Beim Lesen eines Artikels über den Brand der Notre-Dame vom 15./16. April in Paris blieb ich an einprägsamen Wörtern hängen, die mir tagelang nicht aus dem Kopf gingen. Alexander von Schönburg schrieb in der Bild-Zeitung: „Notre-Dame und vergleichbare Bauwerke sind nicht einfach aufeinander geschichtete Steine, sie sind Symbole. Ein Symbol ist psychologisch das äußere Zeichen einer inneren Verpflichtung. Symbole sind sichtbare Zeichen unserer Identität“. Treffender kann die Grundidee des Vereins „Kulturerbe Kirchenburgen e.V.“ nicht formuliert werden, über deren dritte Mitgliederversammlung hier berichtet werden soll.
Sie fand am ersten Aprilwochenende im sächsisch geprägten „Kappellenhof“ in Roßtal bei Nürnberg statt. Da die Mitglieder aus verschiedenen Teilen des deutschsprachigen Raumes (Eckpunkte: Wels – Zürich – Siegen) angereist waren, reden wir sehr schnell von einer Wochenendveranstaltung. Diese begann am Freitagabend in kleiner Runde im Nürnberger „Barfüßer“. Schon hier zeichnete sich ab, dass vielfältige siebenbürgische Themen die nächsten Tage füllen werden. Der Samstag als Hauptversammlungstag bestand aus vier Teilen: der Mitgliederversammlung, einer Kirchenbesichtigung in Roßtal, Projektvorträgen samt Vereinsstrategie, an denen auch interessierte Gäste teilnahmen, und einem gesprächsintensiven Abend.
Wir sind (noch) ein kleiner Verein, der vom allgemeinen Engagement, vor allem dem Herzblut der Vereinsführung und der unermüdlichen Tatkraft einzelner Projektkoordinatoren lebt.
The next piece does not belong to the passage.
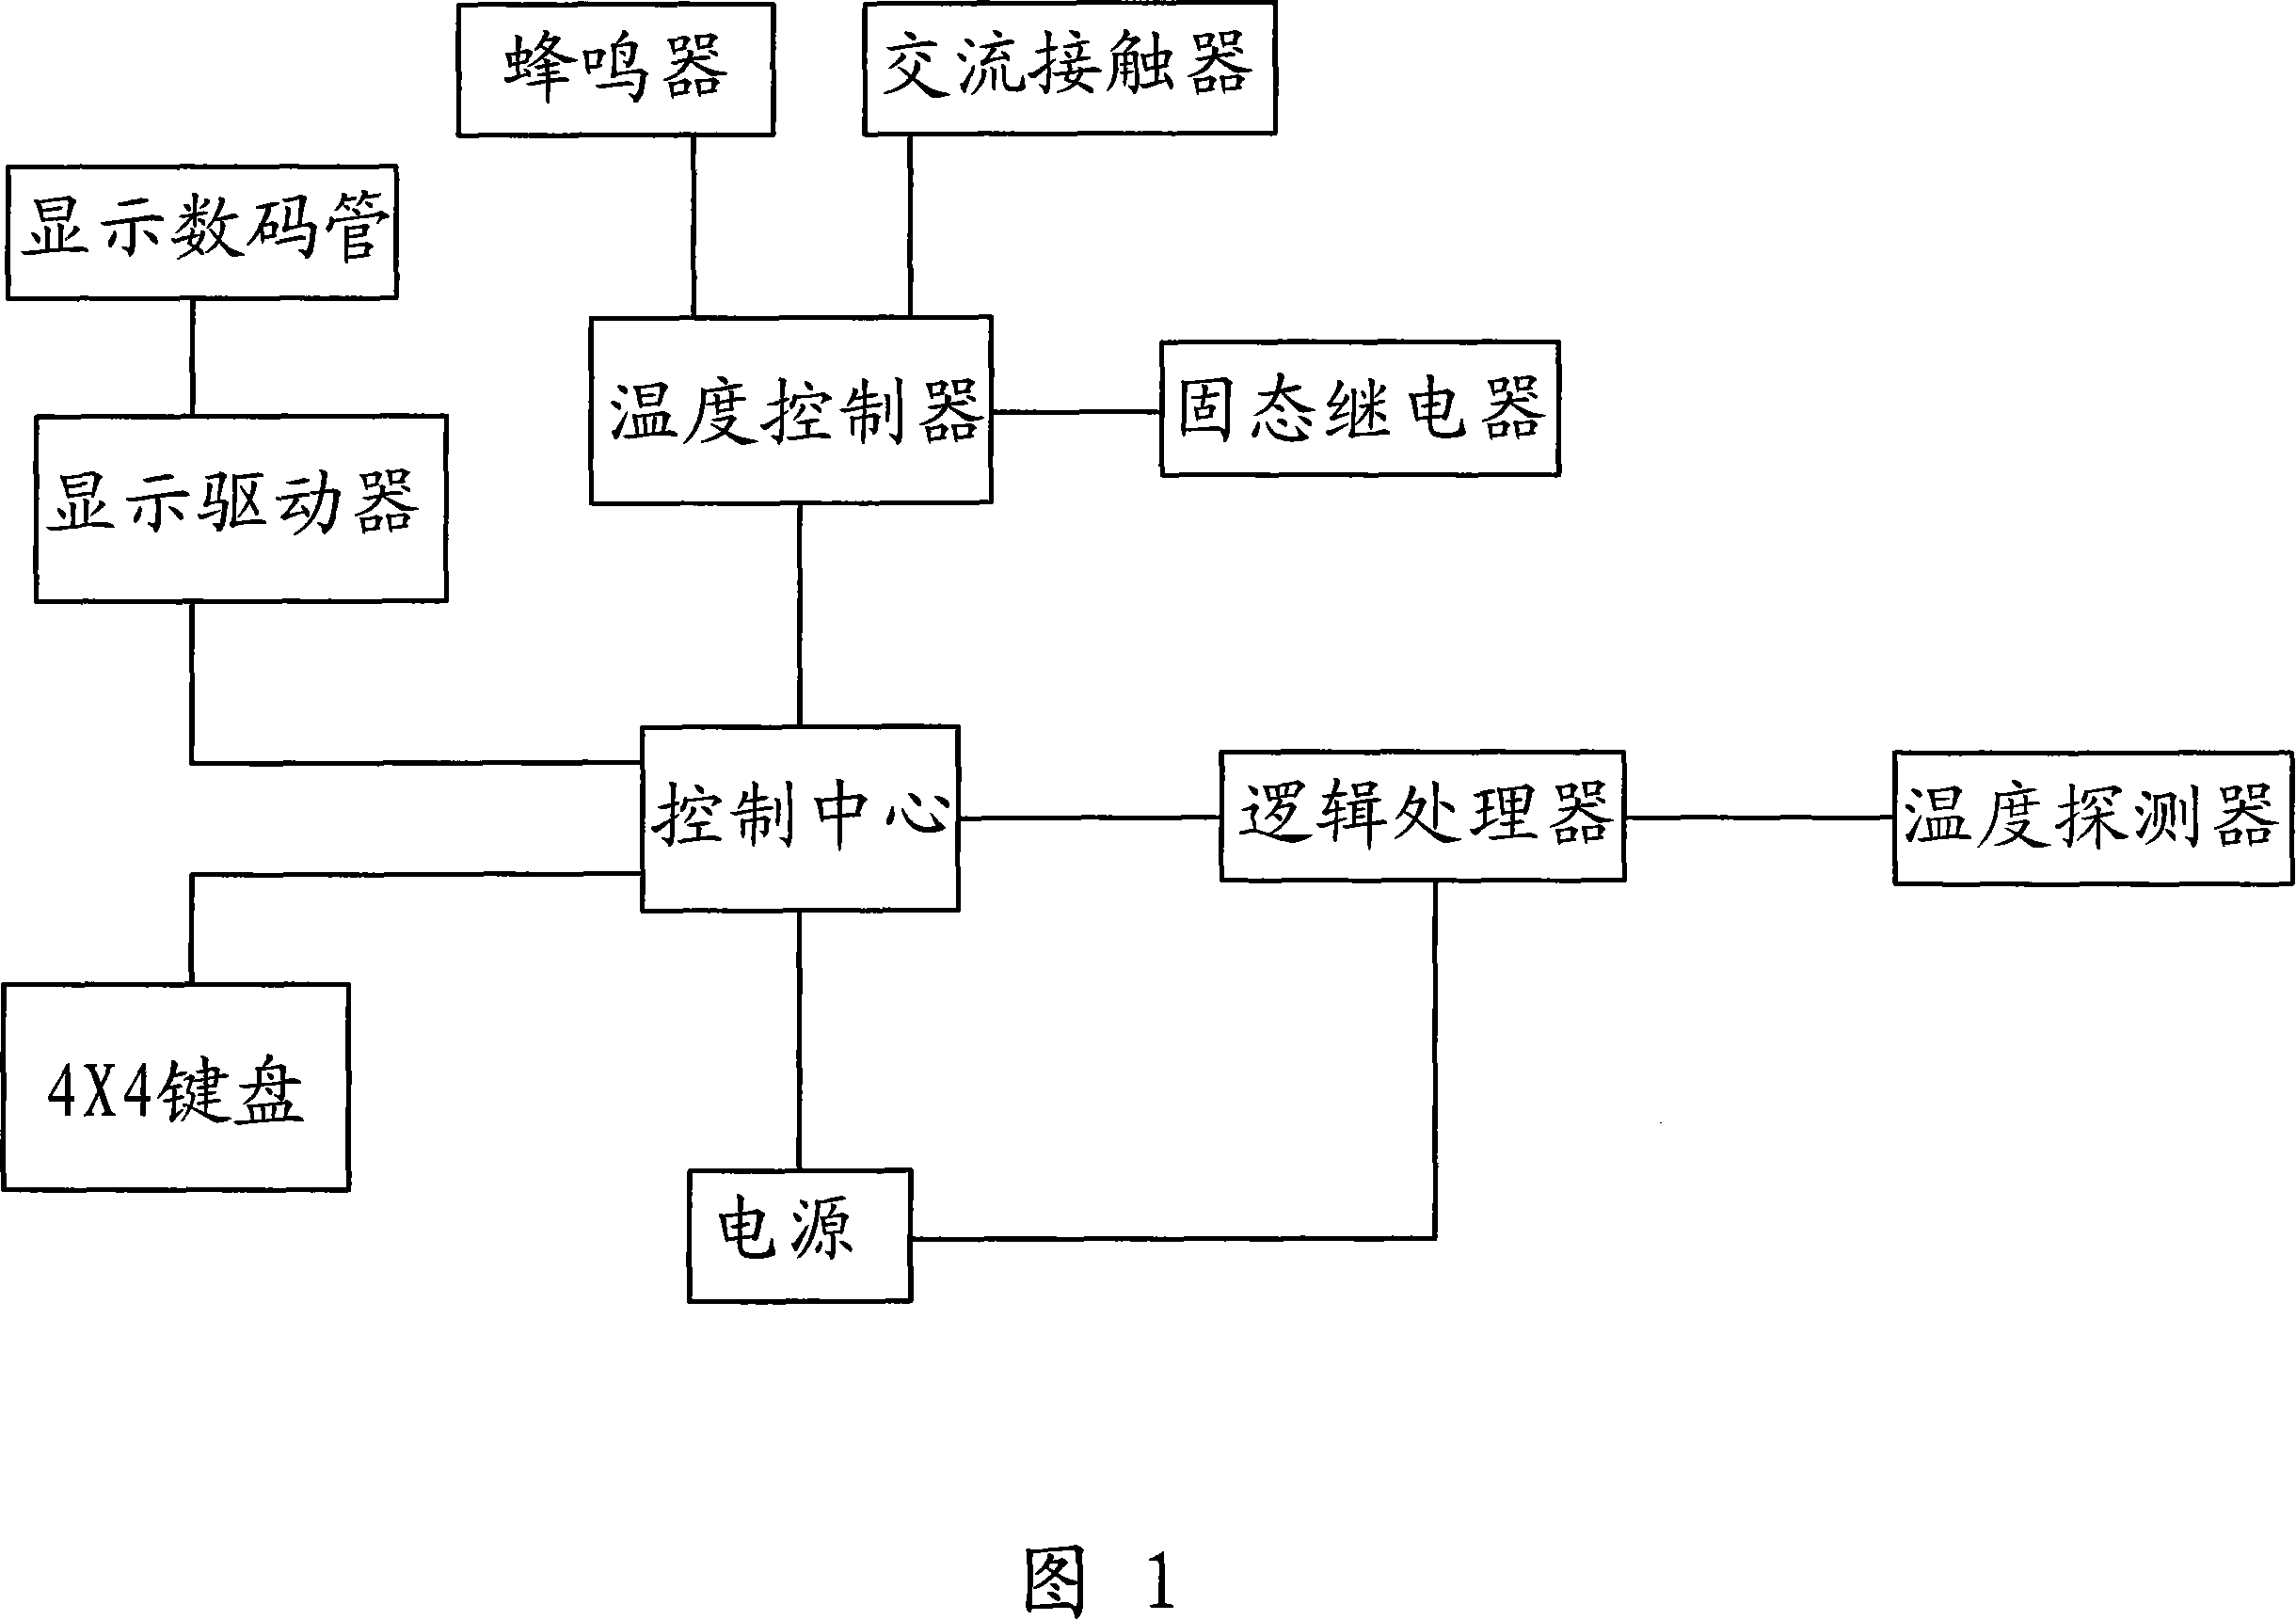 Electric-frying oven temperature control circuit
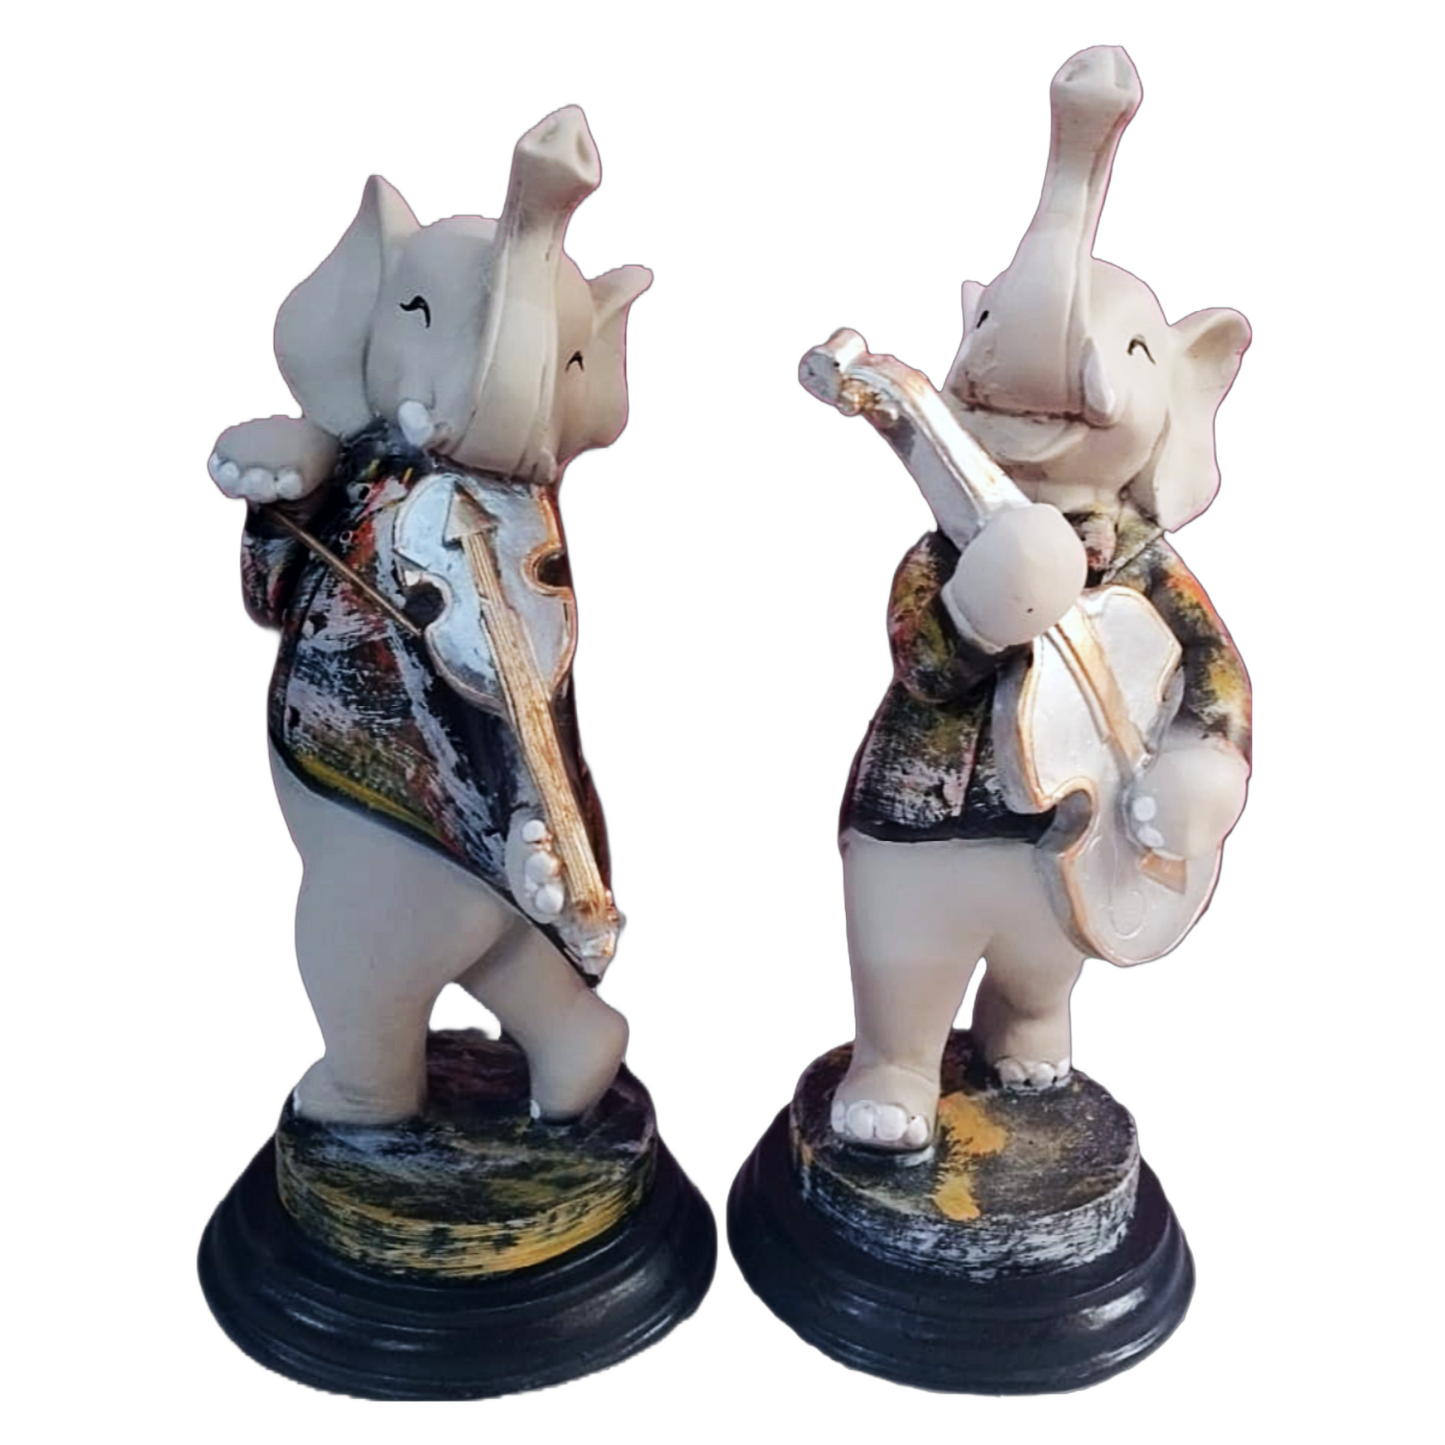 Statue ALiLA Musical Elephants Statue Showpiece Idol Exclusive for Gifting & Home Table Decoration, 10 inches Height Statue

Die aktuelle Finanzlage, die in der Versammlung besprochen wurde, bietet jetzt die Chance, vereinseigene Projekte zu entwickeln und umzusetzen. Ideen und Impulse hierfür wurden in der Projektvorstellungsrunde ohne großen Aufwand generiert.
Bis vor wenigen Jahren unbekannt, wurden in Kirchen Siebenbürgens, z.B. in Eibesdorf, Schmiegen, Durles oder Bonnesdorf, vorreformatorische Fresken entdeckt und in ersten Ansätzen freigelegt. Ein mehrtägiger Workshop unter Anleitung von Fachleuten könnte deren Umfang erhöhen. Nach dem „1. Internationalen Symposium Kulturerbe Siebenbürgische Kirchenburgenlandschaft“ im Mai 2018 in Berlin wäre dieser Schritt eine logische Fortsetzung, um – neben den von der UNESCO anerkannten Moldauklöstern – eine zweite „Freskenlandschaft“ in Rumänien aufzubauen. Die Zusammenarbeit mit Fachleuten vor Ort und die Sensibilisierung einer breiten Basis an Interessierten stellt ein Grundprinzip unseres Vereins dar.
Der erwähnte Einsatz und die Erfahrungen in der Kirchenburgenlandschaft bilden mittlerweile eine Fachkompetenz, die für die Arbeit und die Veränderungen in denkmalgeschützten Umgebungen unerlässlich ist. Für Heimatortsgemeinschaften, die Kirchenburgen erhalten möchten, ist dieses Wissen eine große Hilfe. Für uns sind interessierte HOGs Multiplikatoren beim Erhalt des Kulturerbes, mit denen wir uns gerne austauschen und die erworbenen Kenntnisse teilen.
Neben dem sehr sinnvollen Schwerpunkt der Erhaltung unserer Kirchenburgen ist die Diskussion mit unterschiedlich geprägten und fokussierten wirklich Siebenbürgeninteressierten für jeden Beteiligten eine persönliche Erweiterung des geistigen Horizonts und macht auch noch richtig Spaß.
Einen sehr wichtigen Beitrag zum Gelingen der Veranstaltung leistete im „Kapellenhof“ die Familie Lienerth und ihr Team. Bei schmackhaftem siebenbürgischen Essen fühlt man sich wohl und freut sich auf ein nächstes Mal.